Yesterday, Scott, Delia the dog, our daughter, and I took a 4 mile walk around the neighborhood. Walking in the grass between the boulevard and the parkway, we witnessed a runner running in the road (on the part designated for pedestrians), getting increasingly upset as bikers (who are not supposed to bike on this part of the road) whizzed by her. When the first one passed her, she yelled “this is not the bike lane!” and then muttered to herself in anger. When the next one passed, she shrieked frantically “read the FUCKING signs!” (the city has signs posted all over the road/path identifying who should be in what lane). I could understand her anger–in other situations, I’ve been her, maybe not screaming “fuck!” but feeling that upset–but I could also see how difficult it was for the bikers, trying to find room to move when it was so crowded and when walkers were also ignoring the signs and taking over the bike paths. I’m not sure how to make this situation with crowded paths any easier, so I try to avoid it by running early, before it gets crowded.

Periodically during my run, I sang out in my head the delightful lines from Emily Dickinson I learned a few days ago: “In the name of the bee—and the butterfly—and the breeze—Amen!”

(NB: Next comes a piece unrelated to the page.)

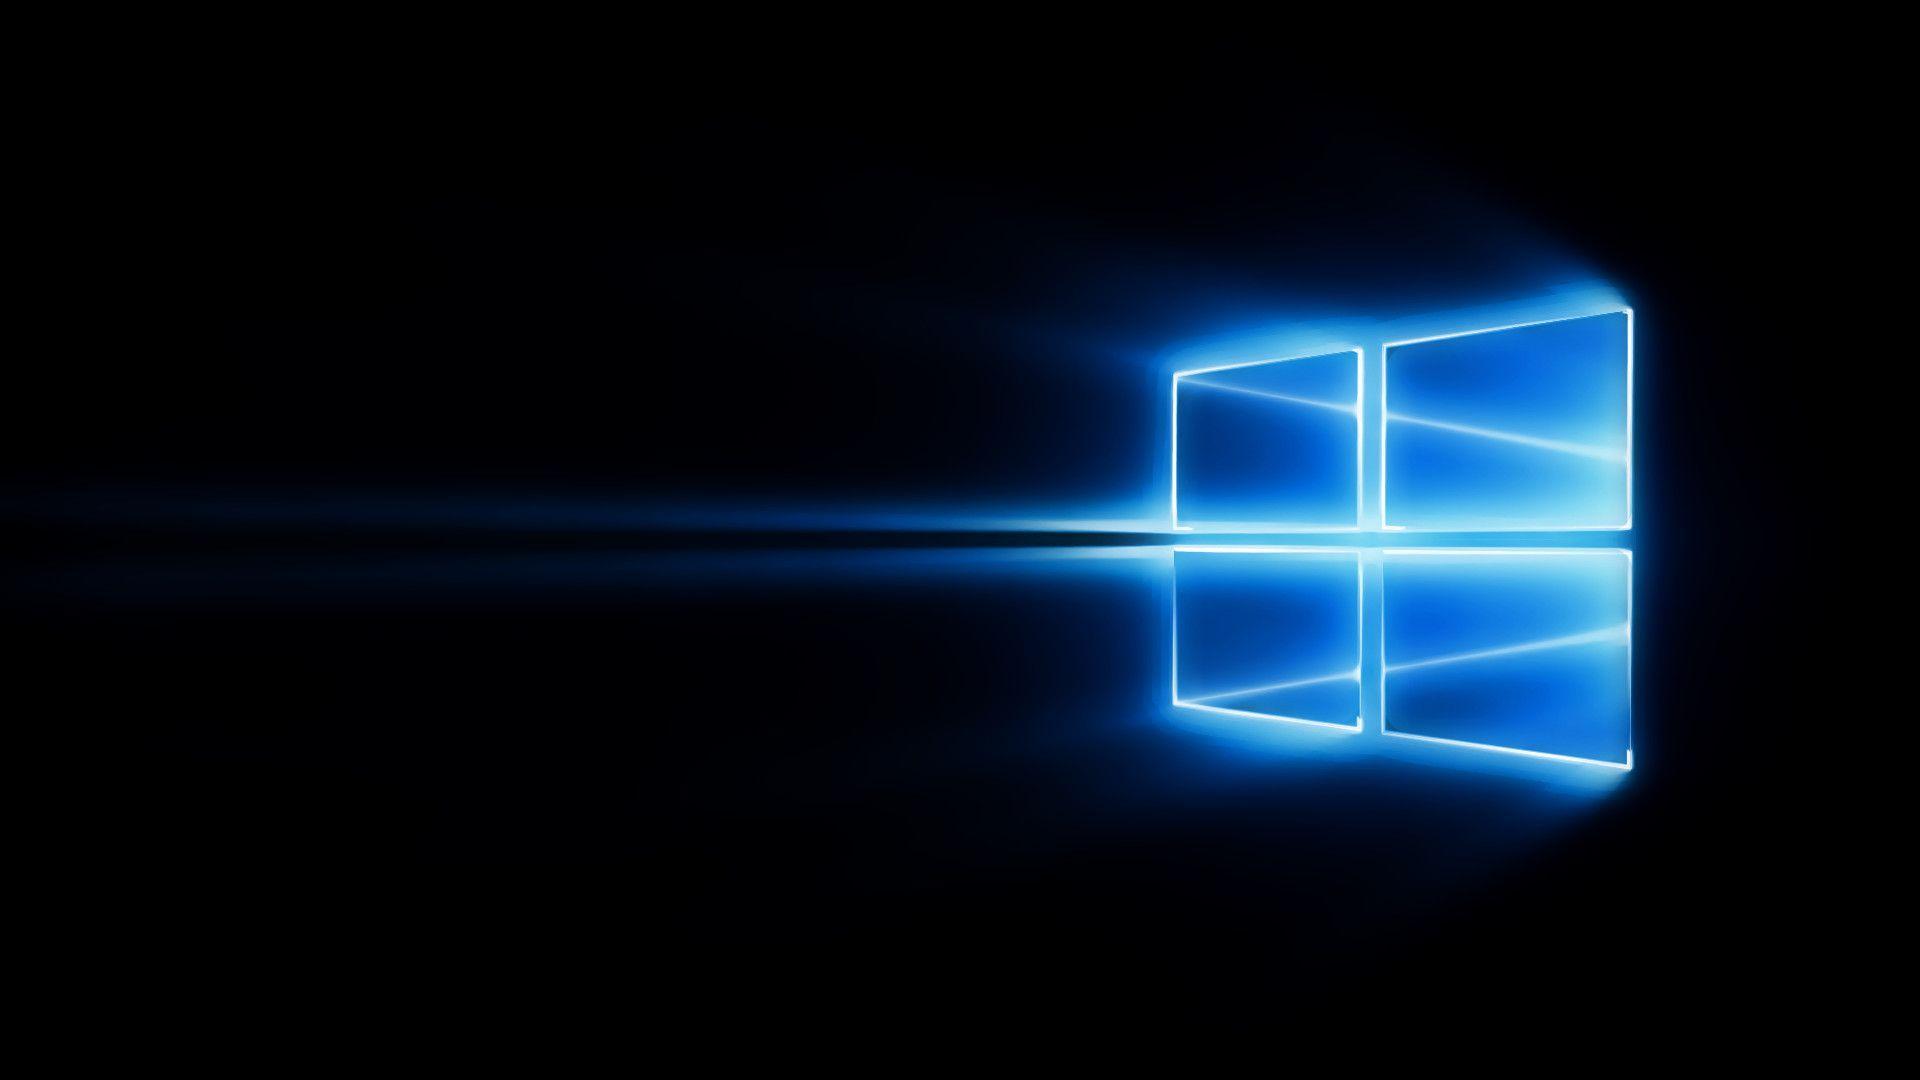 Windows 10 Black Wallpapers Top Free Windows 10 Black Backgrounds Wallpaperaccess

Speaking of Dickinson, I have decided the poem I will memorize for this week is:

It’s all I have to bring today—/Emily Dickinson

It’s all I have to bring today—
This, and my heart beside—
This, my heart, and all the fields—
And all the meadows wide—
Be sure to count—should I forget
some one the sum could tell—
This, and my heart, and all the Bees
which in the Clover dwell.

Such a beautiful poem. I think it will be fun to recite as I run on these early spring mornings. A poet and gardener decided in 2011 to systematically read through and analyze each of Dickinson’s poems. She’s still working on it now, in 2020. Here’s her post on this poem. In her discussion, she mentions Marianne Moore’s poem about imaginary gardens. I think I’d like to memorize this one too–if not this week, then for next week:

Poetry/ Marianne Moore – 1887-1972

I too, dislike it: there are things that are important beyond
      all this fiddle.
   Reading it, however, with a perfect contempt for it, one
      discovers that there is in
   it after all, a place for the genuine.
      Hands that can grasp, eyes
      that can dilate, hair that can rise
         if it must, these things are important not because a

high-sounding interpretation can be put upon them but because
      they are
   useful; when they become so derivative as to become
      unintelligible, the
   same thing may be said for all of us—that we
      do not admire what
      we cannot understand. The bat,
         holding on upside down or in quest of something to

eat, elephants pushing, a wild horse taking a roll, a tireless
      wolf under
   a tree, the immovable critic twinkling his skin like a horse
      that feels a flea, the base-
   ball fan, the statistician—case after case
      could be cited did
      one wish it; nor is it valid
         to discriminate against “business documents and

school-books”; all these phenomena are important. One must
      make a distinction
   however: when dragged into prominence by half poets,
      the result is not poetry,
   nor till the autocrats among us can be
     “literalists of
      the imagination”—above
         insolence and triviality and can present

for inspection, imaginary gardens with real toads in them,
      shall we have
   it. In the meantime, if you demand on the one hand, in defiance of their opinion—
   the raw material of poetry in
      all its rawness, and
      that which is on the other hand,
         genuine, then you are interested in poetry.